* [PROBLEM]
Although the records contain pictures, none belong in the copy: restate word for word only the lines from the one with "Tajmahal One Of" through the one with "Personnel Records of", both included.

* [SOURCE MATERIAL]
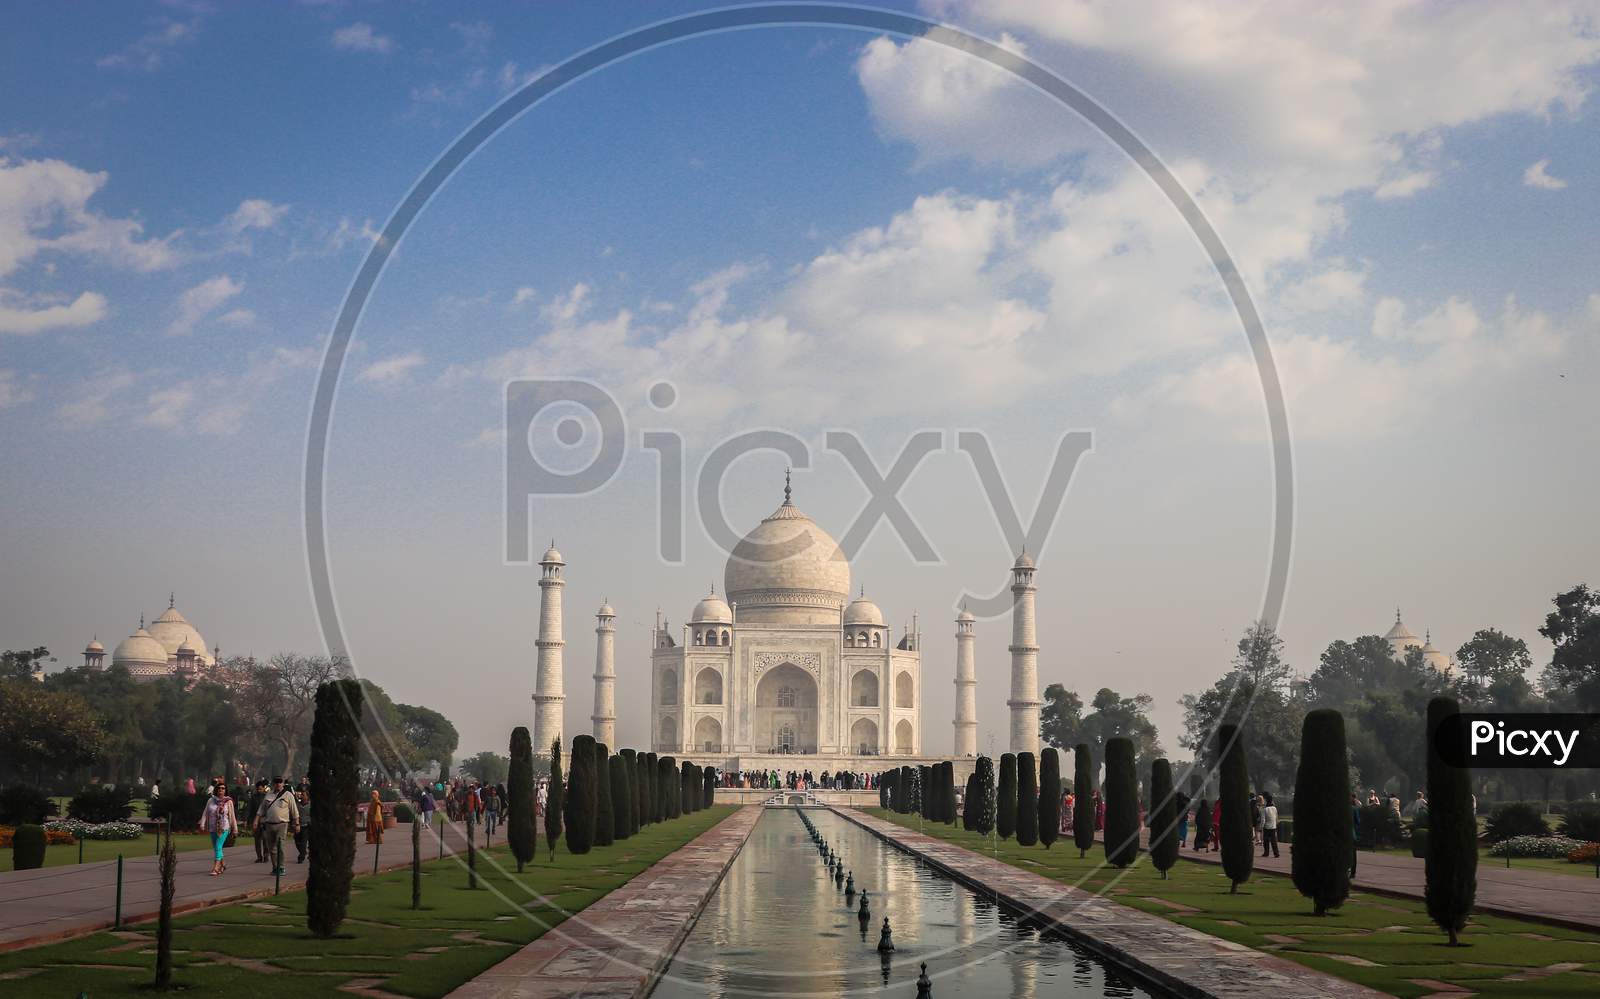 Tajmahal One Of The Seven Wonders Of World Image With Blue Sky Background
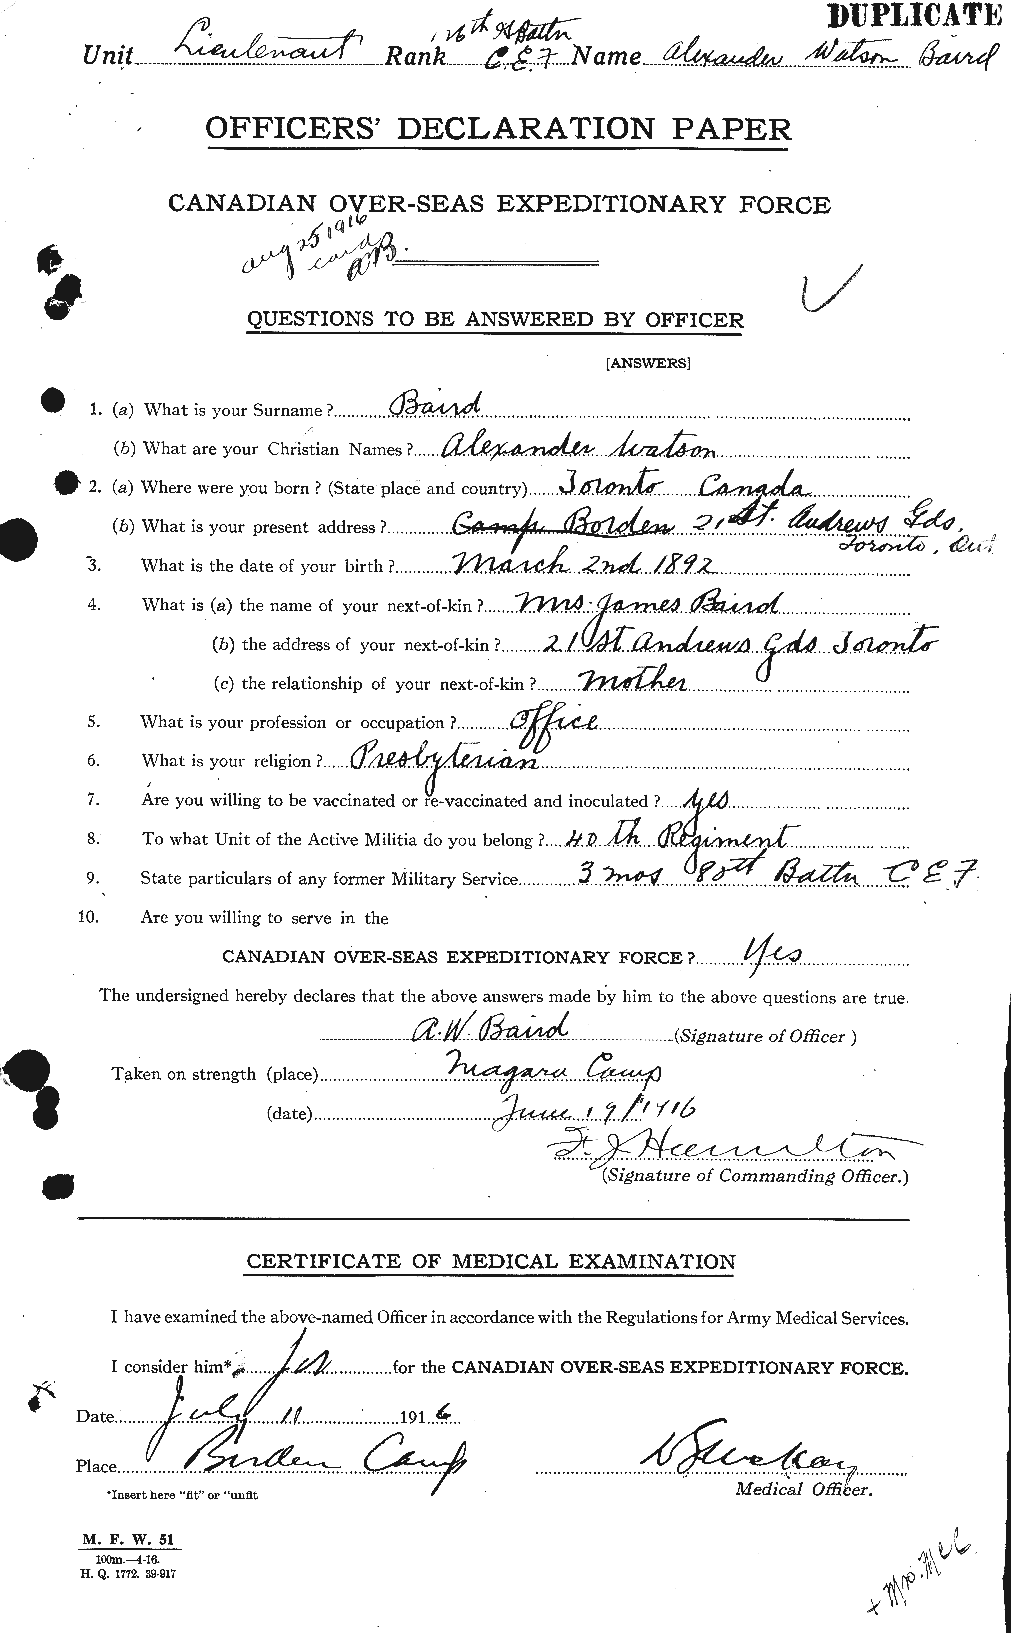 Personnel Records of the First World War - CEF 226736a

--

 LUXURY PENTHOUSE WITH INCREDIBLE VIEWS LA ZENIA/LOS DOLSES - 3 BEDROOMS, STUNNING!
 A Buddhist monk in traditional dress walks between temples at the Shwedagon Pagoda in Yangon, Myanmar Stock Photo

* [ANSWER BOX]
 Tajmahal One Of The Seven Wonders Of World Image With Blue Sky Background
 Personnel Records of the First World War - CEF 226736a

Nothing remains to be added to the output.